To find the radius of ion B in the ZnS type structure where the radius of ion A is given, we can follow these steps: ### Step 1: Understand the structure ZnS has a structure where the cation (A^+) occupies tetrahedral voids and the anion (B^-) occupies the face-centered cubic lattice points. The radius ratio of cation to anion is crucial for determining the size of the anion. ### Step 2: Use the radius ratio rule The radius ratio rule states that the ratio of the radius of the cation (r+) to the radius of the anion (r-) can be expressed as: \[ \frac{r^+}{r^-} = 0.225 \] where r^+ is the radius of the cation (A^+) and r^- is the radius of the anion (B^-). ### Step 3: Substitute the known values We know the radius of A^+ (r^+) is 22.5 pm.
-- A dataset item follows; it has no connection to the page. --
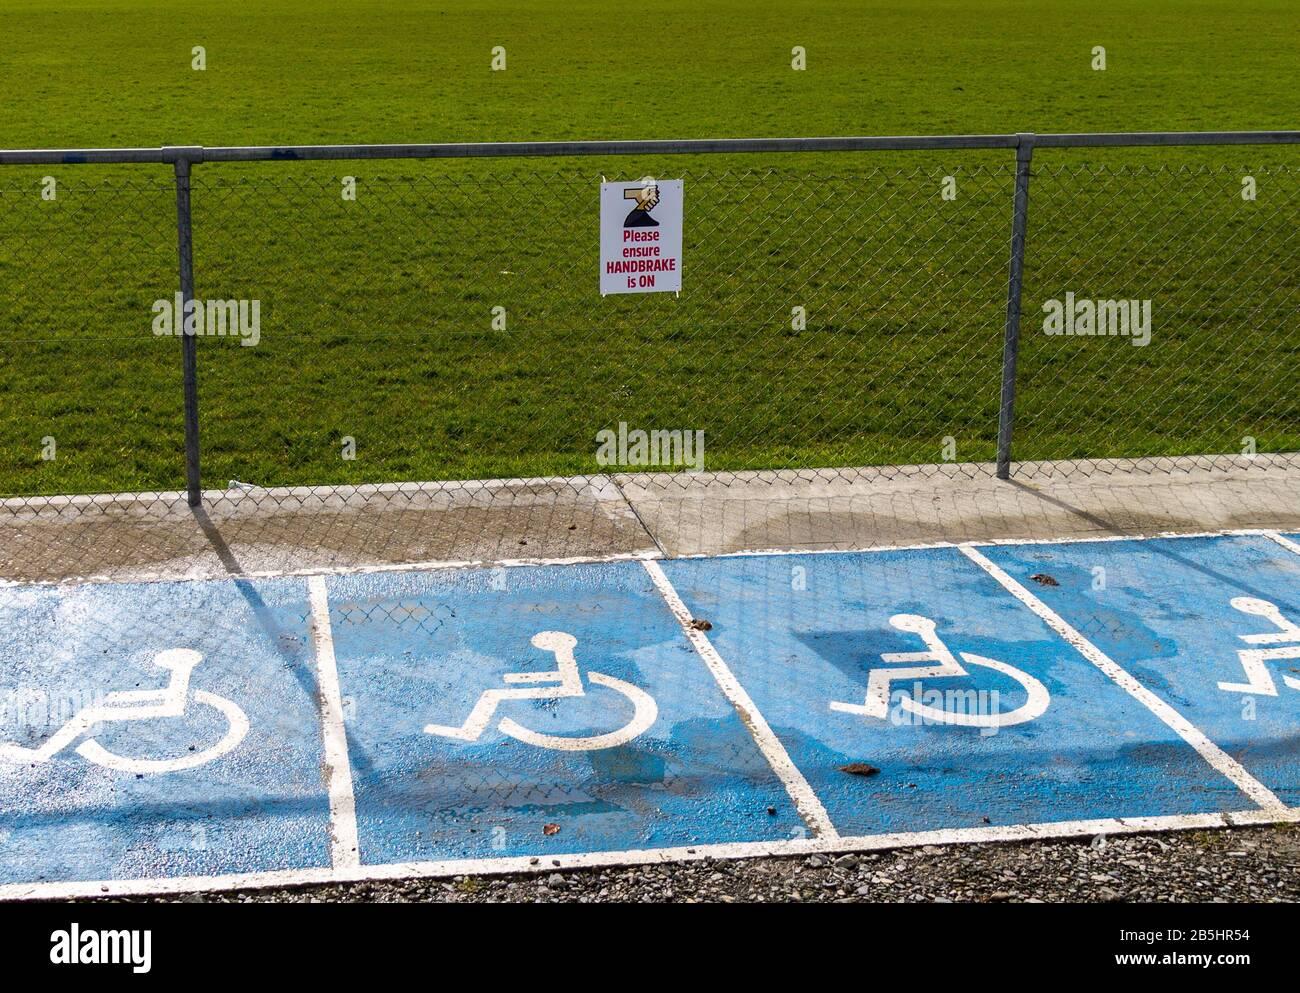 apply-handbrake-sign-in-disabled-parking-area-2B5HR54.jpg

We can substitute this value into the equation: \[ \frac{22.5 \text{ pm}}{r^-} = 0.225 \] ### Step 4: Solve for r^- To find r^-, we can rearrange the equation: \[ r^- = \frac{22.5 \text{ pm}}{0.225} \] ### Step 5: Perform the calculation Now, we can calculate r^-: \[ r^- = \frac{22.5}{0.225} = 100 \text{ pm} \] ### Conclusion The radius of ion B (r^-) is 100 pm. ---